Oszko claims Hungary's bank tax is unnecessary

By bne IntelliNews July 16, 2010

Kester Eddy in Budapest -

The new Hungarian government's windfall tax on financial institutions is unnecessary and the argument for its existence - namely that it's needed to combat a "budget crisis" - is "simply false," Peter Oszko, Hungary's former finance minister, claims in an interview with bne.

Viktor Orban, the Hungarian prime minister whose centre-right Fidesz party swept to power in April, announced the new "temporary" tax on June 8 as part of his 29-point action plan to "create a new economic system." The tax, designed to raise HUF200bn (€715m) this year, is to be levied on banks, insurance companies and other financial market players, based on their 2009 financial figures.
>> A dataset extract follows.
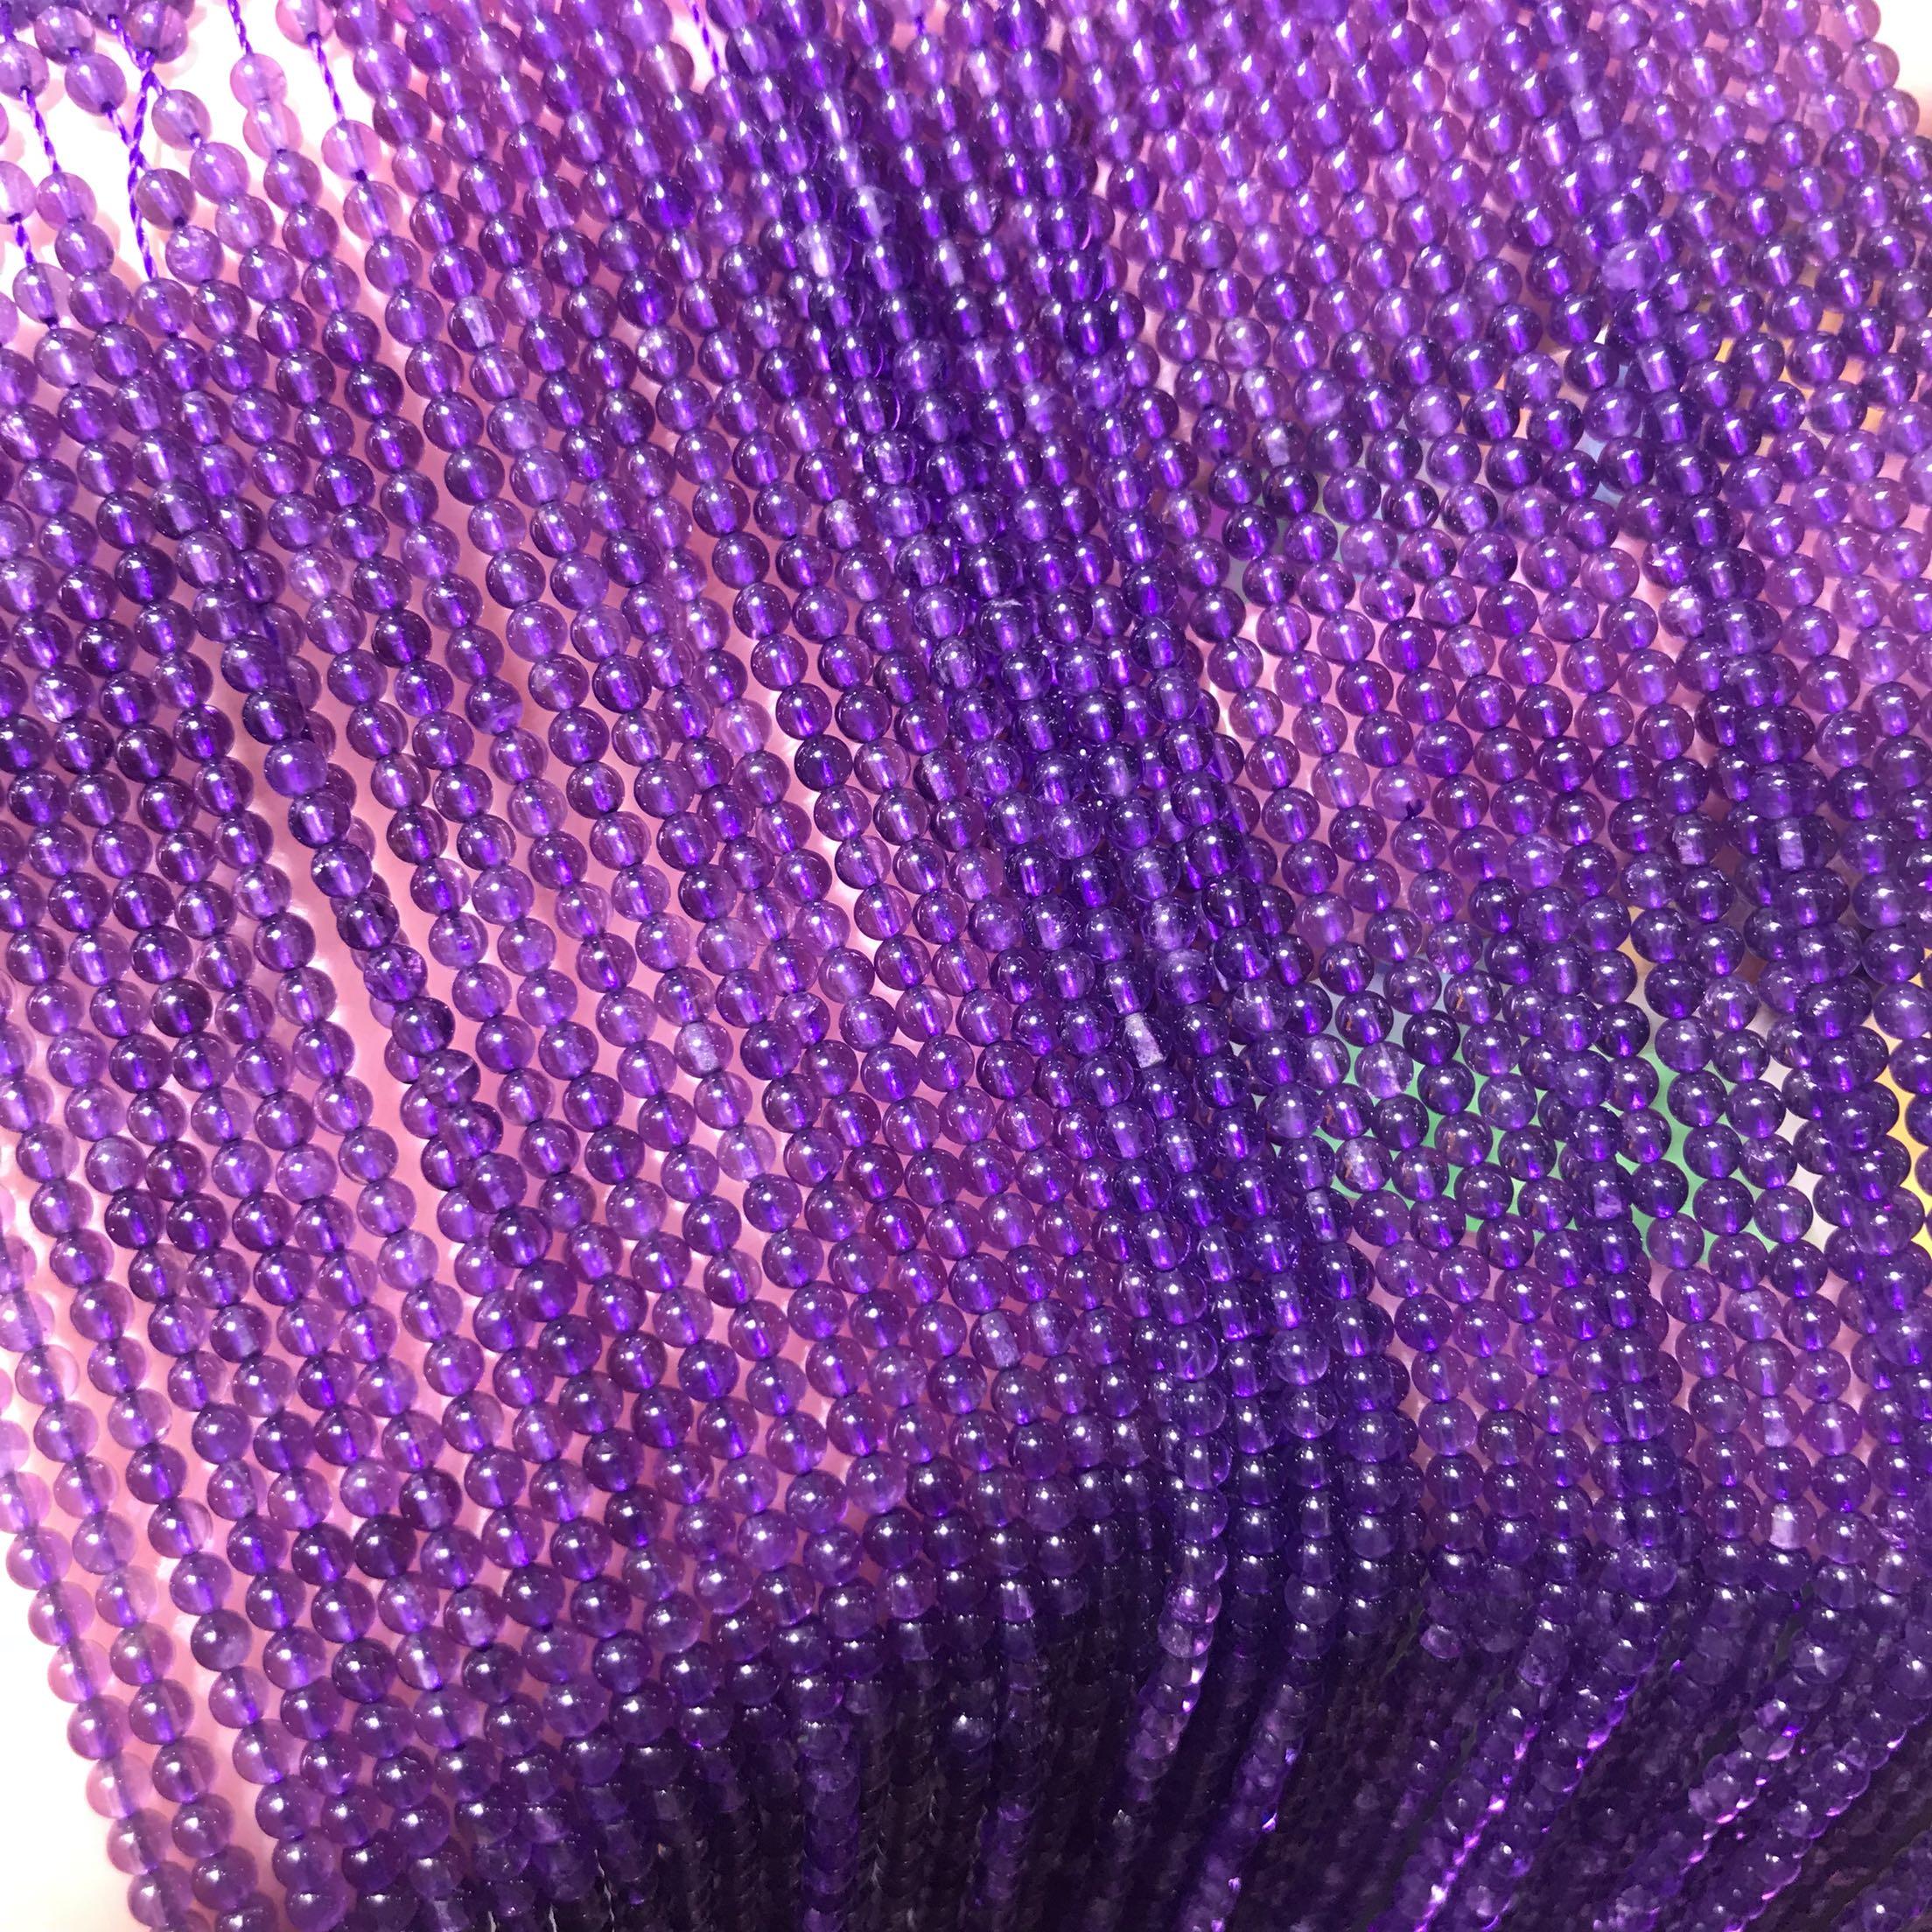 纯天然乌拉圭紫水晶圆珠小颗粒半成品散珠米珠隔珠串珠穿手链项链

No details have been released as to how the tax would be calculated for the next two years of its "temporary" duration.

Despite protests from financial institutions that the tax will place an unfair and disproportionate burden on the sector - and ultimately cost jobs - Orban has repeatedly stressed the tax is non-negotiable in terms of the sum to be raised, since this income is needed "to combat the budget crisis" and keep Hungary's deficit for this year on target at 3.8% of GDP. This argument is a continuation of the Fidesz line, pursued since the start of this year, that the previous Socialist-backed government (in which Oszko was finance minister) had hidden the true figures of the state budget.

But in an interview with bne, Oszko disputed the reasoning behind the tax, insisting that "the greater part" of any current crisis has been self-inflicted. "When we left office, there were some [potential discrepancies] which we calculated amounted to a maximum of 0.3-0.5% of GDP [over the deficit target]. But we handed over a precise calculation and policy description, which included all necessary measures to manage that risk and keep the deficit target," he says.
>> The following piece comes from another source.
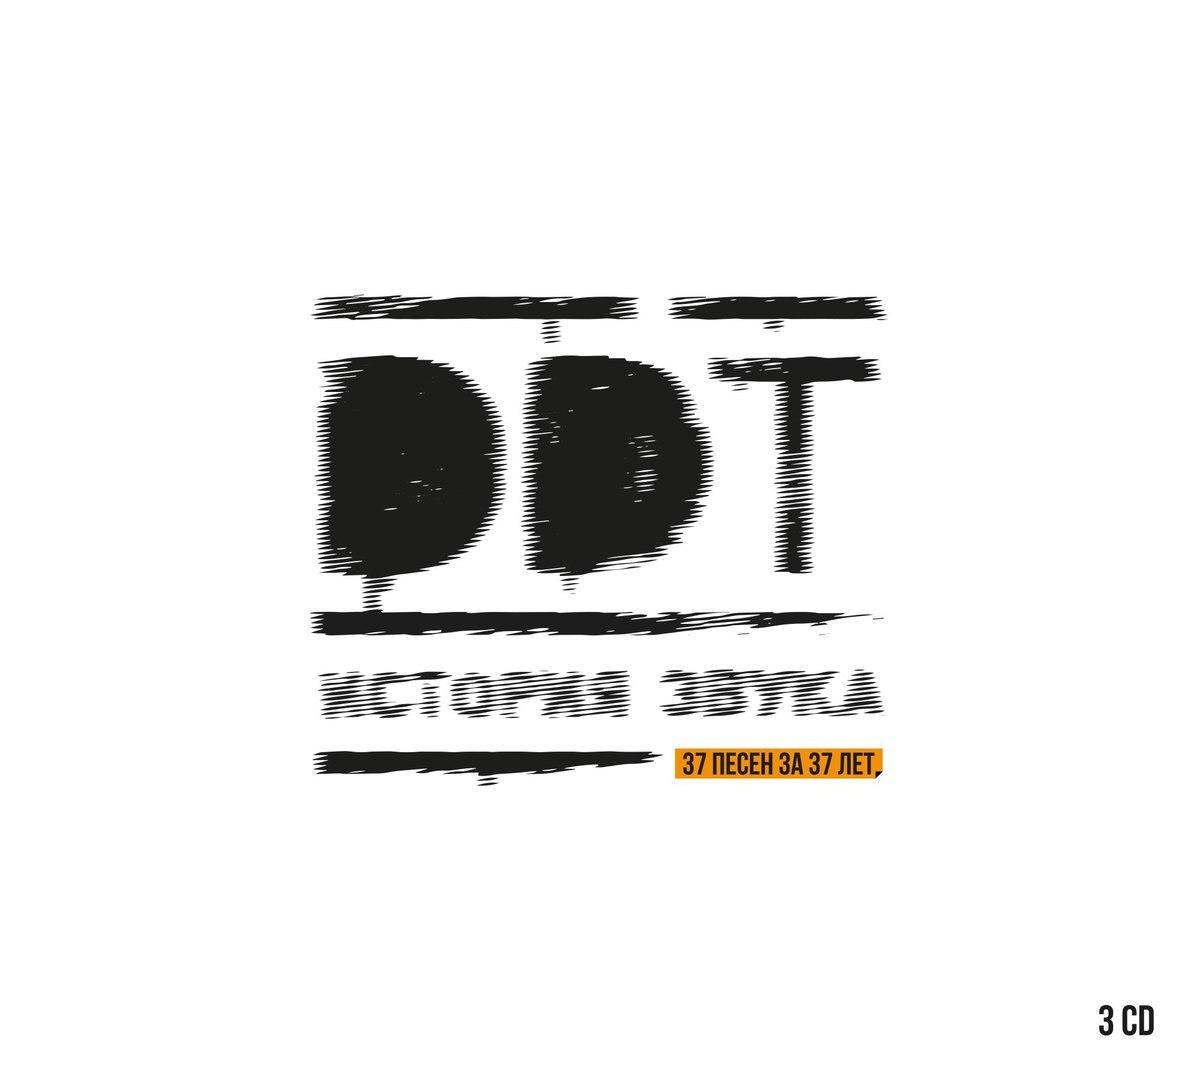 """ДДТ издала """"Историю звука"""" на трёх CD"""

While these measures were not very difficult politically, they nonetheless required a disciplined economic policy. "For instance, we recommended continuing spending restrictions and savings at [state railway company] MAV, but now the new government is doing the opposite, re-opening [loss-making] railway lines," he said.

It is these measures that have created any current "crisis" in the budget, Oszko insists. "The cut in corporate tax amounts to at least HUF70bn this year, and the extension of the gas price compensation more than HUF10bn. Of course, MAV will now spend more than planned," he says, adding that the result of these moves amounts to "at least 0.5%" of GDP.

Such increases in expenditures, plus promises to establish a fund to rescue households struggling with foreign exchange-based loans, "show why it is no longer enough to simply maintain the policies that we established and handed over," he says.

"So you can see that the banking tax, or at least the larger part of it, is to support unnecessary [budgetary] expenditure that serves the political objectives of the new government... While we cannot say that all the deviation [in the budget] is self-created, the biggest part is, and the real risk they [the Fidesz government] inherited could have been managed easily without the banking tax," Oszko claims.

Meanwhile, Hungary's independent insurance brokers are also protesting against the tax, arguing that the legislation was drawn up without consultations, and if passed without amendment, will force the industry to pay taxes that equate to three times their net profits. "The burden on independent brokers, many of which are family businesses, will create clear problems for them to continue functioning and survive," the brokers said in a press release, seen by bne and due to be issued later Friday.